Node.js	`aws-lambda-ric`	`npm install aws-lambda-ric`
Java	`aws-lambda-java-runtime-interface-client`	Maven/Gradle dependency
.NET	`Amazon.Lambda.RuntimeSupport`	NuGet package
Go	`aws-lambda-go`	`go get github.com/aws/aws-lambda-go`
Ruby	`aws_lambda_ric`	`gem install aws_lambda_ric`
C++	`aws-lambda-cpp`	CMake build from source
Rust	`lambda_runtime`	`cargo add lambda_runtime`

AWS Base Images vs. Custom Images

AWS publishes official Lambda base images in ECR Public Gallery at public.ecr.aws/lambda/. These images include the Lambda runtime, the RIC, the RIE, and a minimal Amazon Linux operating system. They are the fastest path to a working container-based Lambda function and the approach I recommend for most teams starting out.

Runtime	Image URI	Approximate Size	OS
Python 3.12	`public.ecr.aws/lambda/python:3.12`	~580 MB	Amazon Linux 2023
Python 3.13	`public.ecr.aws/lambda/python:3.13`	~590 MB	Amazon Linux 2023
Node.js 20	`public.ecr.aws/lambda/nodejs:20`	~490 MB	Amazon Linux 2023
Node.js 22	`public.ecr.aws/lambda/nodejs:22`	~500 MB	Amazon Linux 2023
Java 21	`public.ecr.aws/lambda/java:21`	~620 MB	Amazon Linux 2023
.NET 8	`public.ecr.aws/lambda/dotnet:8`	~560 MB	Amazon Linux 2023
Ruby 3.3	`public.ecr.aws/lambda/ruby:3.3`	~510 MB	Amazon Linux 2023

Building from a custom base image gives you full control over the operating system, system libraries, and image size. This is the right choice when you need a specific Linux distribution for compliance reasons, need to minimize image size, or need system-level packages that are not available in Amazon Linux. The trade-off: you are responsible for installing and maintaining the RIC and for applying OS patches that AWS otherwise handles automatically.

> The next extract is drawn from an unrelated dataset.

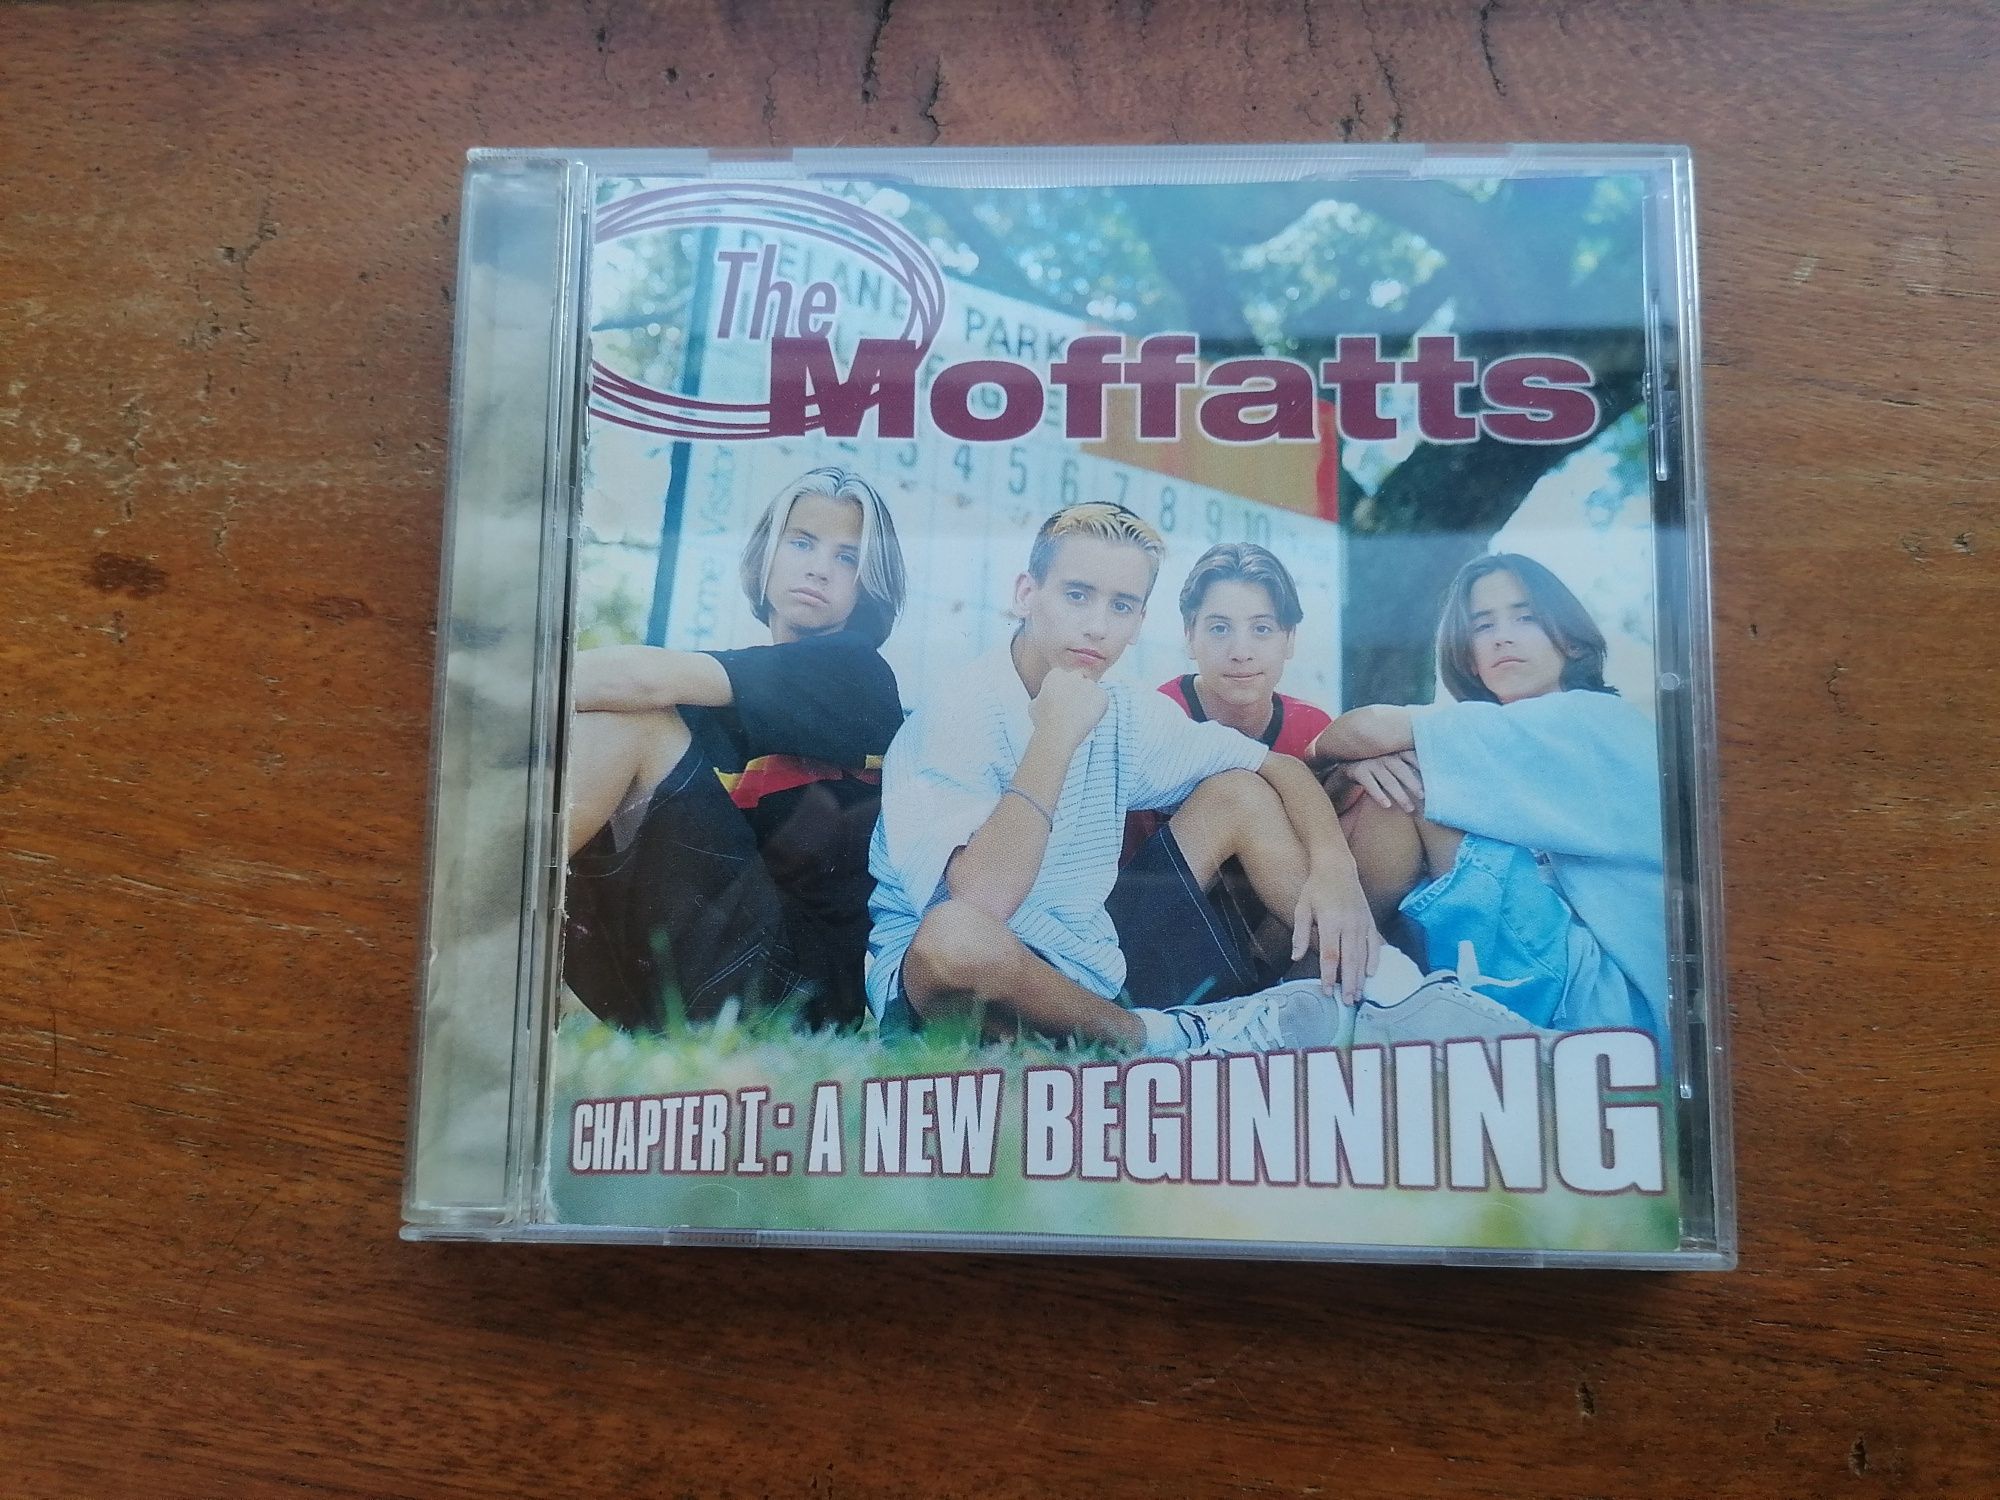 CD The Moffatts "A new beginning"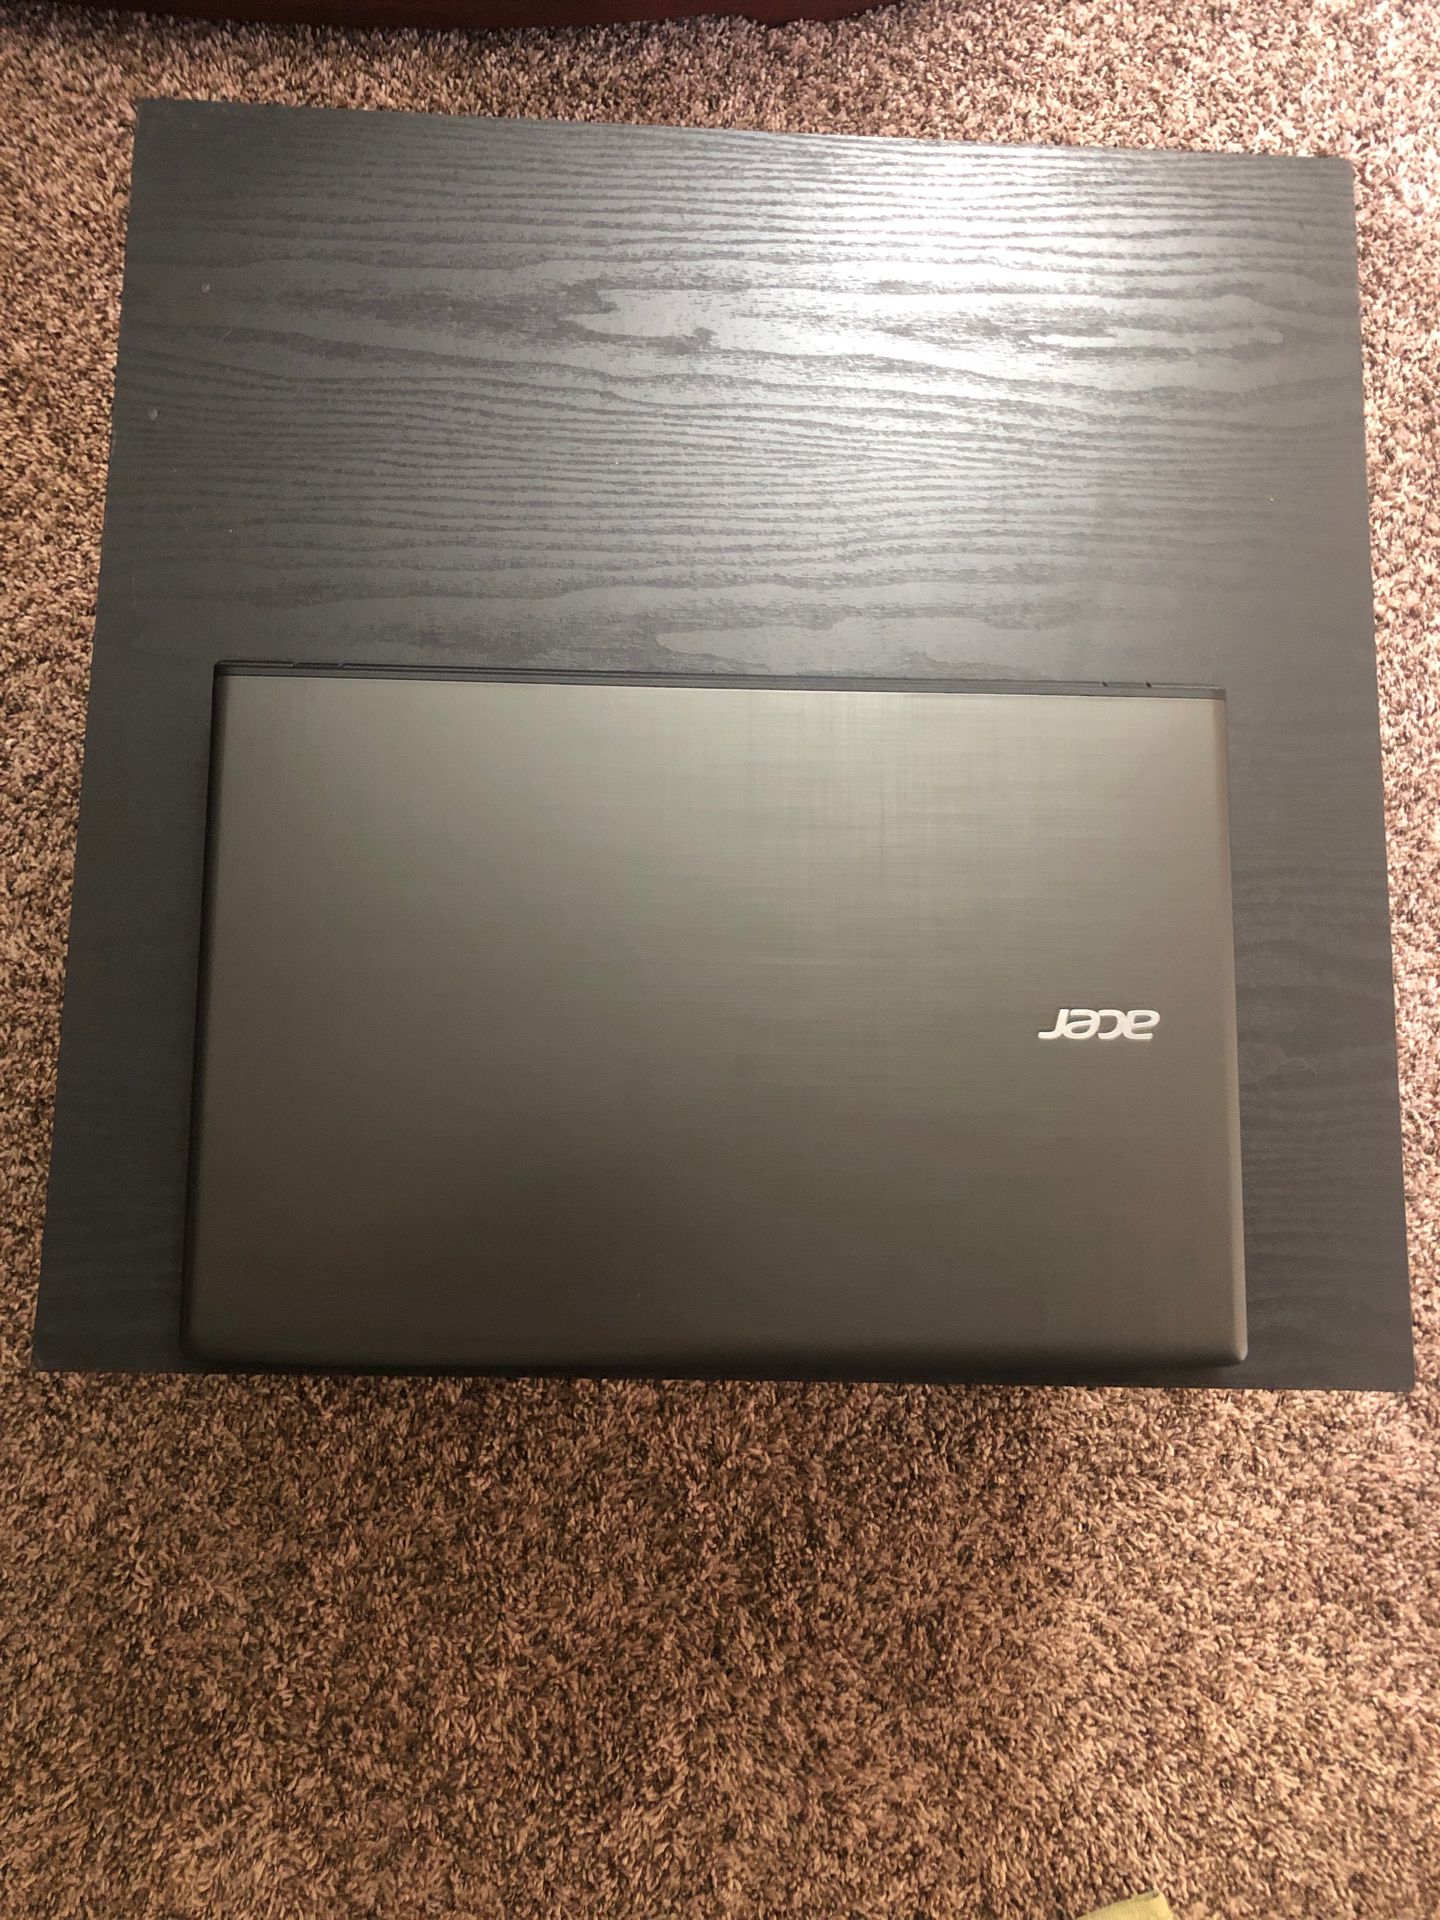 Acer aspire E15 intel core i5 15.6” laptop

Dimension	AWS Base Image	Custom Base Image
Maintenance	AWS patches the OS and runtime	You patch everything
RIC included	Yes	You install it
RIE included	Yes	You install it
OS choice	Amazon Linux 2023 only	Any Linux distribution
Size control	Limited: base image is fixed	Full control via multi-stage builds
Compliance	AWS-managed, SOC2/HIPAA eligible	You validate compliance
Cold start	AWS-optimized	Depends on your optimization
Native libraries	Amazon Linux packages	Any packages you install
FIPS 140-2	Not available in base images	Can use FIPS-validated OS

Example: Dockerfile using AWS base image (Python)

FROM public.ecr.aws/lambda/python:3.12

COPY requirements.txt ${LAMBDA_TASK_ROOT}
RUN pip install -r requirements.txt --target "${LAMBDA_TASK_ROOT}"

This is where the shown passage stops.